Beyond Prompt Injection: RL Attacks on AI Agent Decision-Making

Observation perturbation degrades RL agent performance 20-50x more effectively than reward poisoning. And prompt-injection defenses? 0% effective against RL-specific attacks — they target completely different surfaces.

I built two custom Gymnasium environments (access control, tool selection), trained 40 agents across 4 algorithms and 5 seeds, then ran 150 attack experiments across 4 attack classes. The result: if you’re monitoring reward signals but not observation channels, you’re watching the wrong surface.

Why This Matters

Production AI agents (Claude Code, Devin, Cursor) increasingly use RL training. Agent-R1 (Nov 2025) proved agents are being trained end-to-end on tool-use trajectories. OWASP’s Agentic Top 10 identifies the risks but nobody has built open-source RL-specific attack frameworks.

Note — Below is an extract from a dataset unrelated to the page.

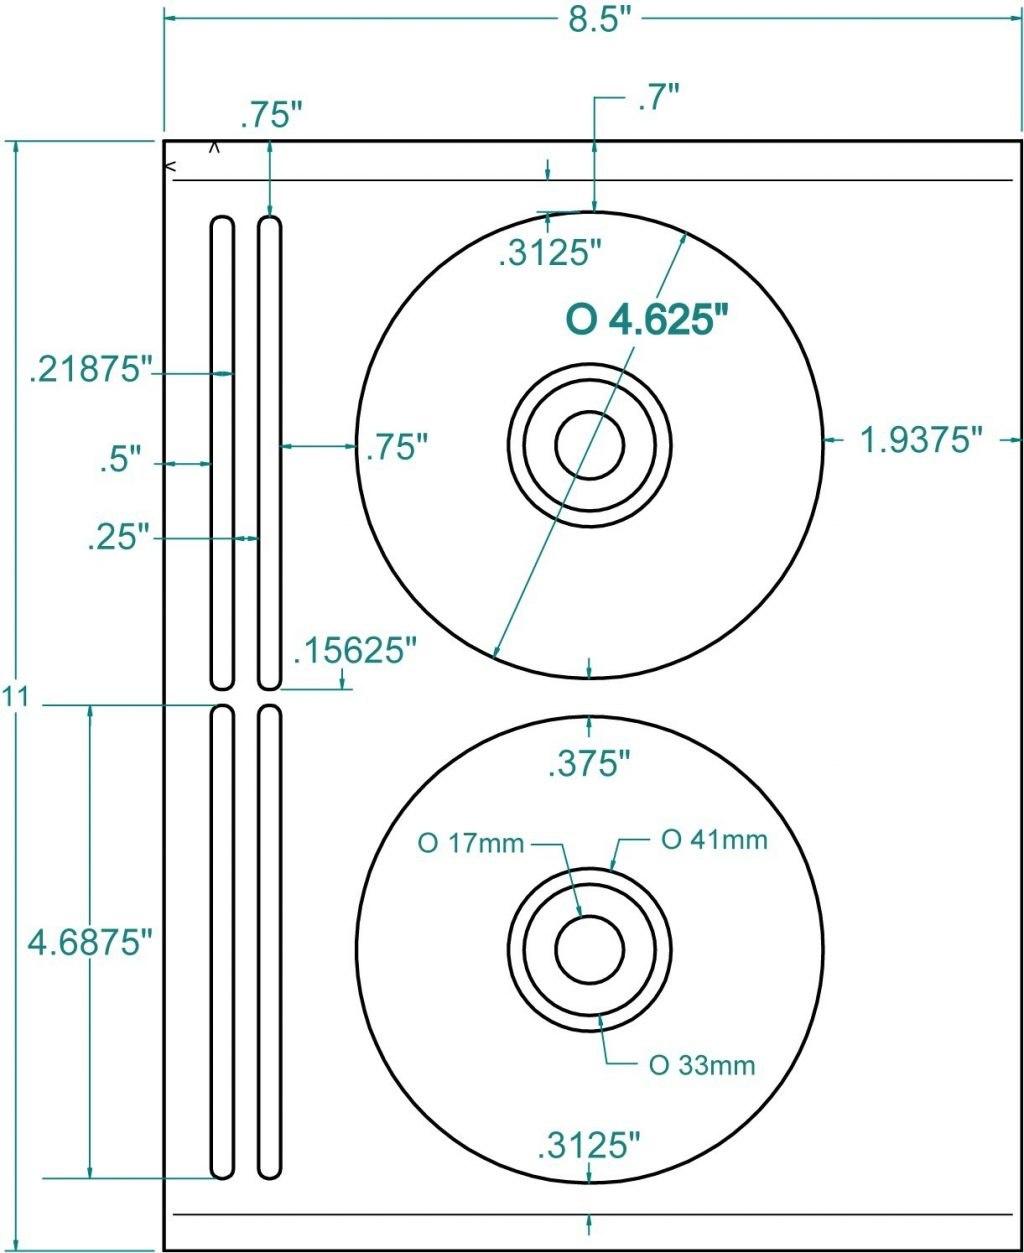 Staples Cd Label Sheet Template  Meetpaulryan Intended For Staples Dvd Label Template

This project bridges that gap: executable attacks mapped to 7/10 OWASP Agentic categories. For the broader argument on why RL attacks represent the next threat frontier beyond prompt injection, see Prompt Injection Is Yesterday’s Threat.

Key Results

Reward Poisoning — Less Effective Than Expected

Corruption Rate	Policy Divergence (access_control)	Policy Divergence (tool_selection)
1%	0.1% (3 seeds)	0.0%
5%	0.2%	0.0%
10%	0.4%	0.0%
20%	0.7%	0.0%

Tabular Q-Learning is naturally robust to reward corruption on small state spaces. The clean reward signal dominates even at 20% corruption. This suggests reward poisoning may require larger state spaces or longer training to be effective.

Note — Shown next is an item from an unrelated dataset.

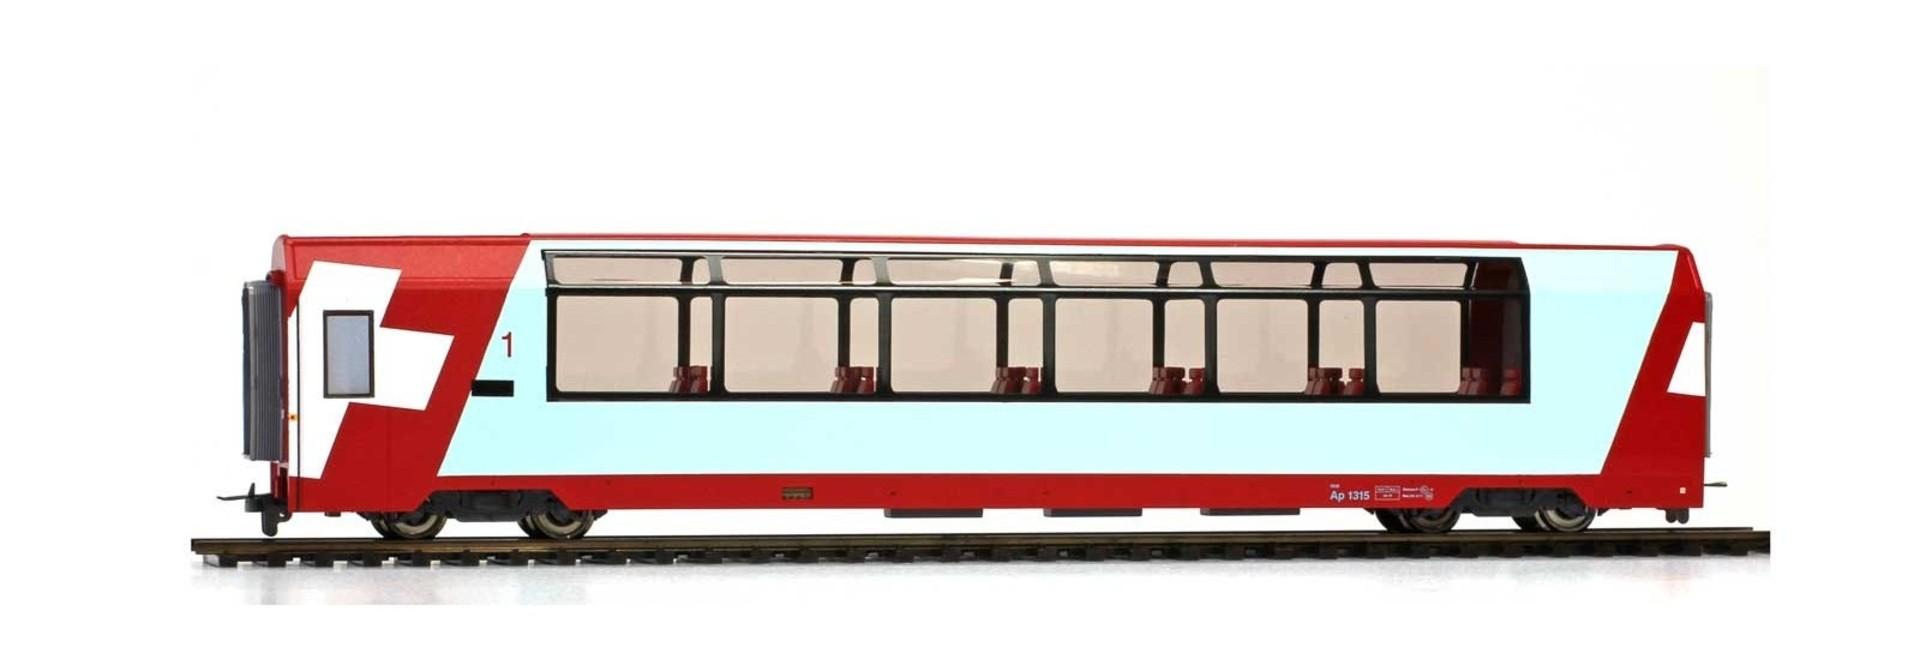 "3689102 RhB Api 1312 ""Glacier Express"" H0 2L-GS"

Observation Perturbation — The Real Threat

Epsilon	Mean Reward Degradation
0.01	40.4 (3 seeds)
0.05	41.0
0.10	44.8
0.20	48.9

Even tiny perturbations (ε=0.01) cause 40-point reward drops. This mirrors the adversarial IDS finding where feature perturbation was far more effective than expected — observation perturbation is the RL equivalent of adversarial examples.

The intuition for why observation perturbation is 20-50x more effective than reward poisoning: reward signals are aggregated over entire episodes. A corrupted reward at step 17 of a 100-step episode gets averaged out by 99 clean signals during policy update. The clean signal dominates. But an observation perturbation hits the agent at decision time — right when it’s choosing an action. A slightly corrupted state representation causes the agent to misread its environment and select the wrong action now, and that wrong action cascades through the rest of the episode. Reward corruption is a slow poison that the learning algorithm can filter out. Observation perturbation is a real-time hallucination that the agent acts on immediately.

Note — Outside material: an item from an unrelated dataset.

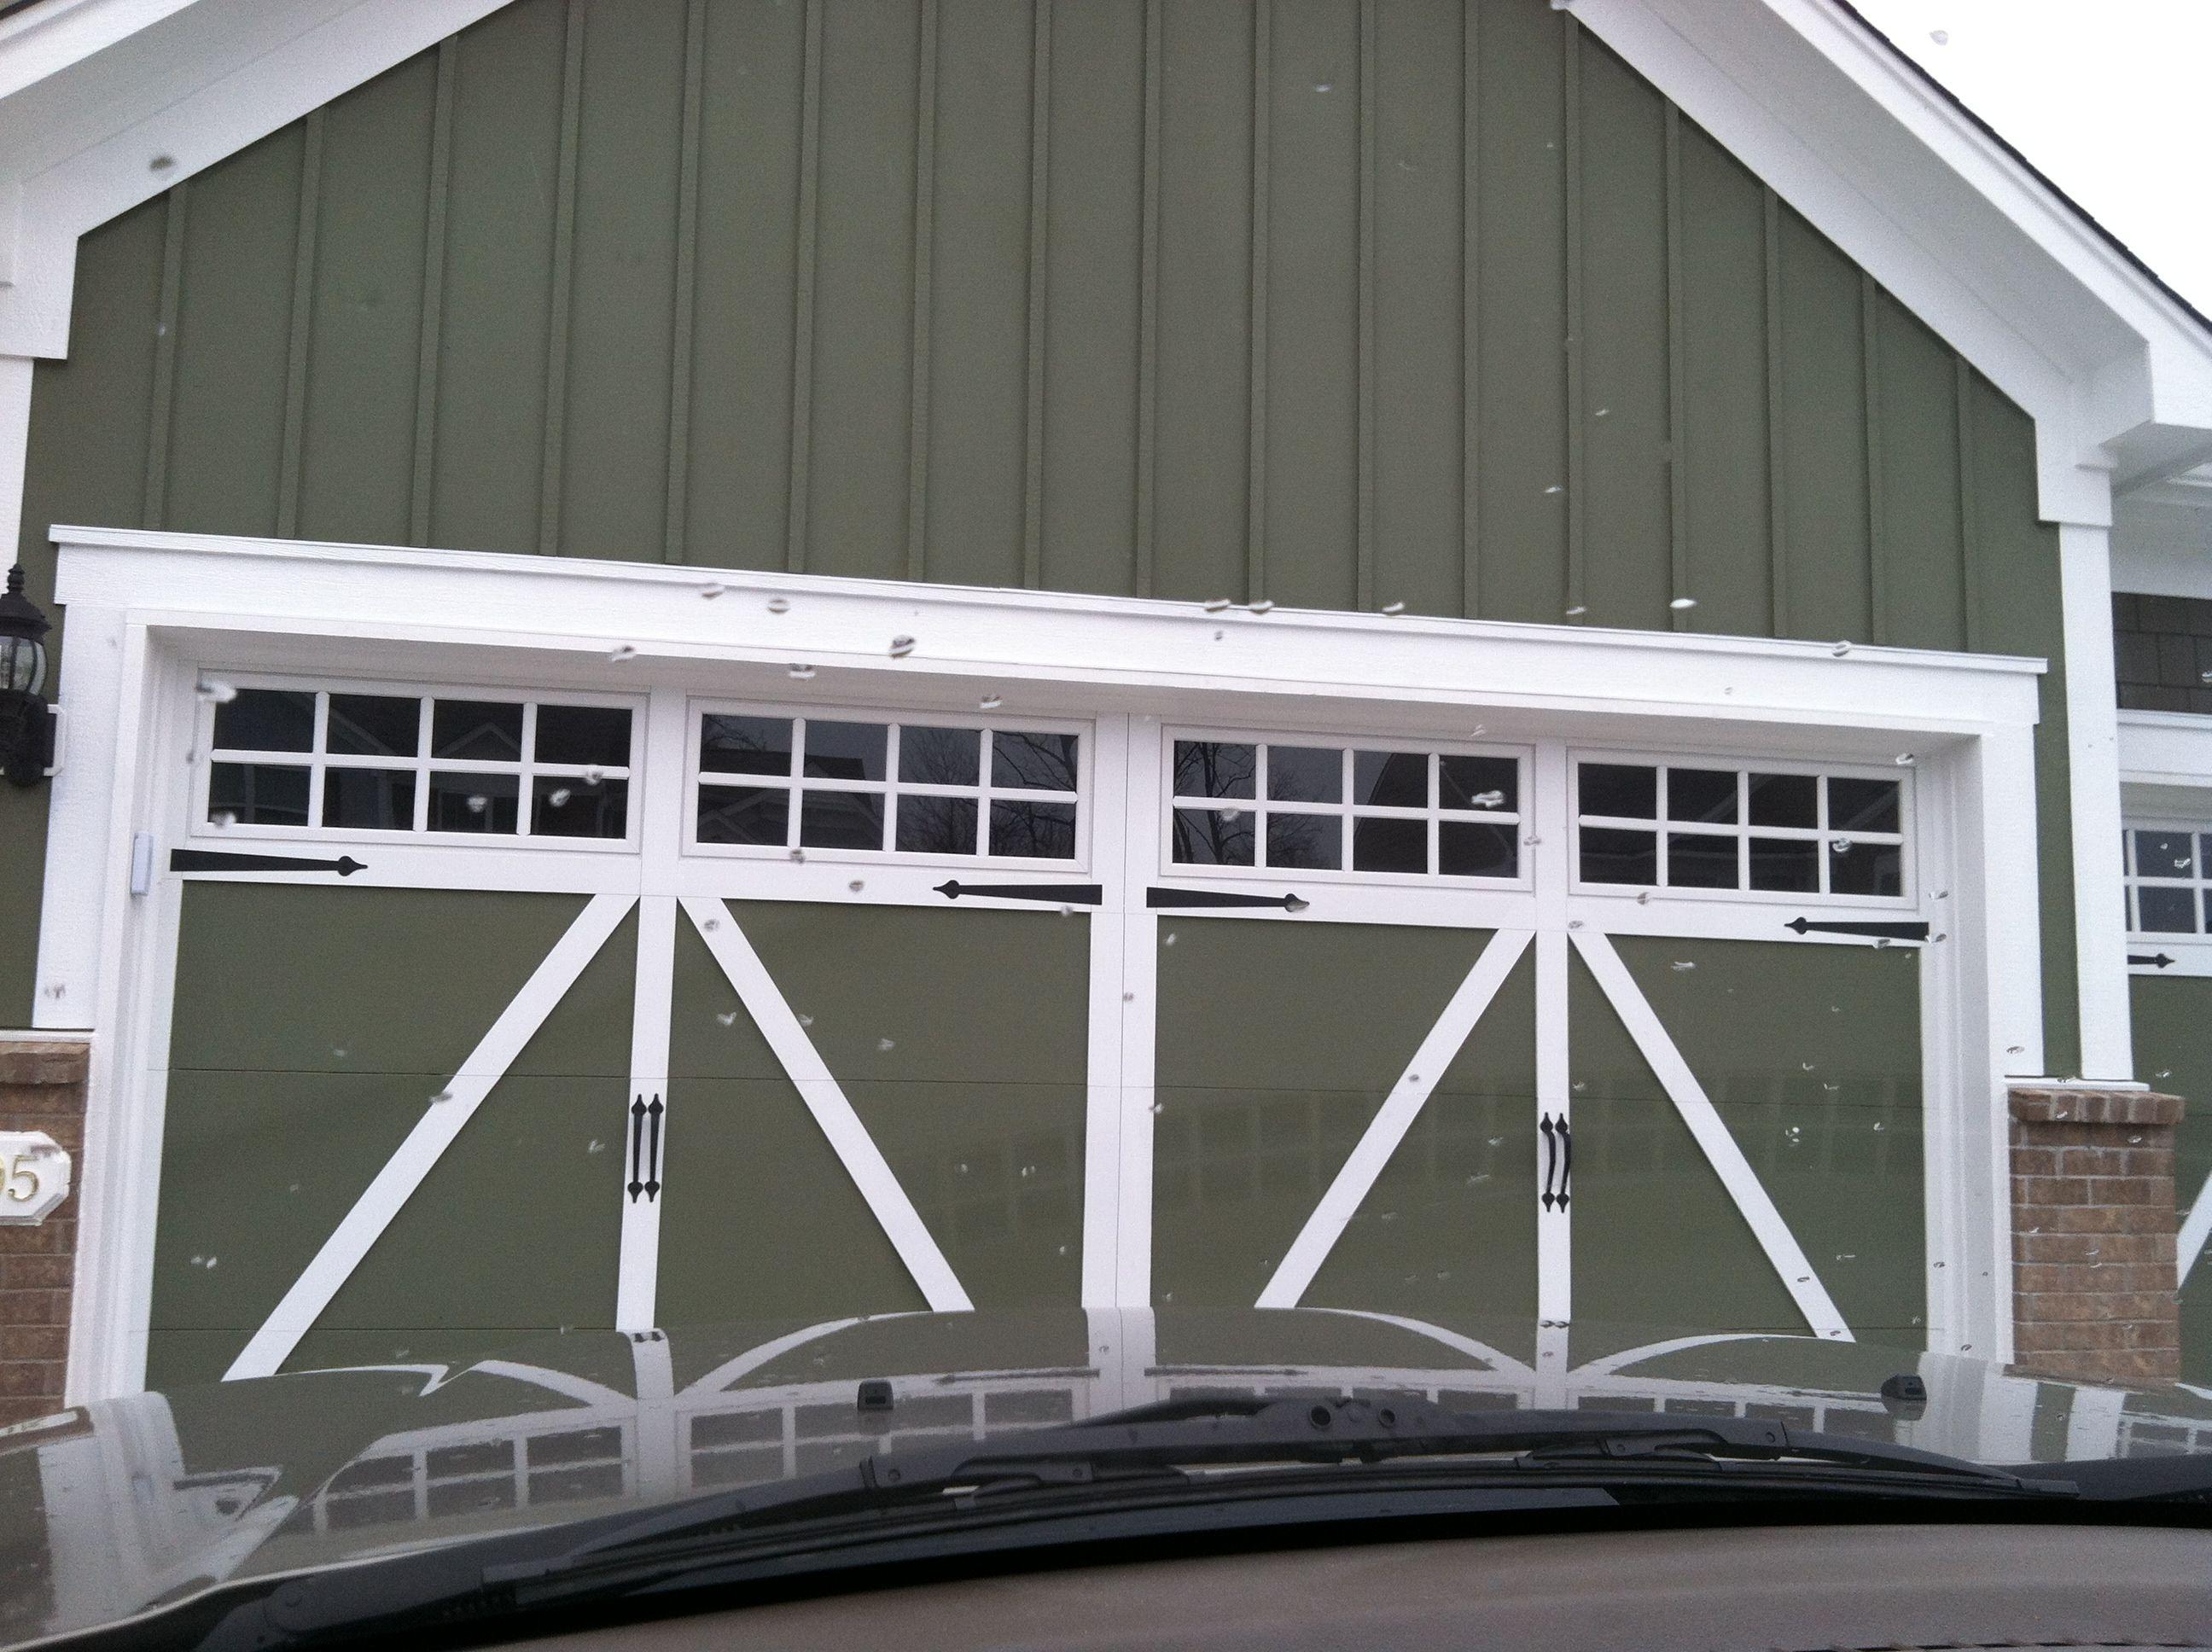 Barn garage doors dutch doors pinterest for Garages that look like barns

In practice, an observation perturbation attack on an access control agent looks like this: the agent observes a state vector encoding the user’s role, requested resource, and current threat level. The attacker intercepts the observation and adds Gaussian noise with ε=0.01 — shifting the threat level feature just enough that the agent misclassifies a high-risk request as routine and grants access it should deny. The perturbation is small enough to evade anomaly detection on the observation channel but large enough to flip the action.

Observation perturbation impact — even minimal noise (epsilon=0.01) causes significant reward degradation across all agent types

Policy Extraction — Stealing Agent Behavior

Query Budget	Mean Agreement Rate
100 queries	71.1% (3 seeds)
500 queries	70.9%
1,000 queries	72.3%

An adversary can reconstruct 72% of an agent’s decision policy with just 500 black-box queries. Diminishing returns past 500 — the decision boundary is learnable from sparse samples.

Policy extraction agreement rate — 72% policy reconstruction achieved with just 500 black-box queries, with diminishing returns beyond that threshold

What does 72% agreement enable? An attacker with a 72%-accurate clone of your agent’s policy can predict, for any given state, what your agent will do — and plan around it. They can identify the states where your agent is most likely to grant access, escalate privileges, or select a vulnerable tool. They can rehearse attack sequences offline against the clone before executing them against the real system. And 500 queries is a trivially small footprint — well within normal API usage patterns and nearly impossible to distinguish from legitimate traffic. Rate limiting won’t help at this scale.

Behavioral Backdoors — Targeted Manipulation

Trigger-state backdoors achieve 2.6% policy divergence on access_control — higher than reward poisoning at any corruption rate. The backdoor activates only when a specific state pattern is observed, making it stealthy.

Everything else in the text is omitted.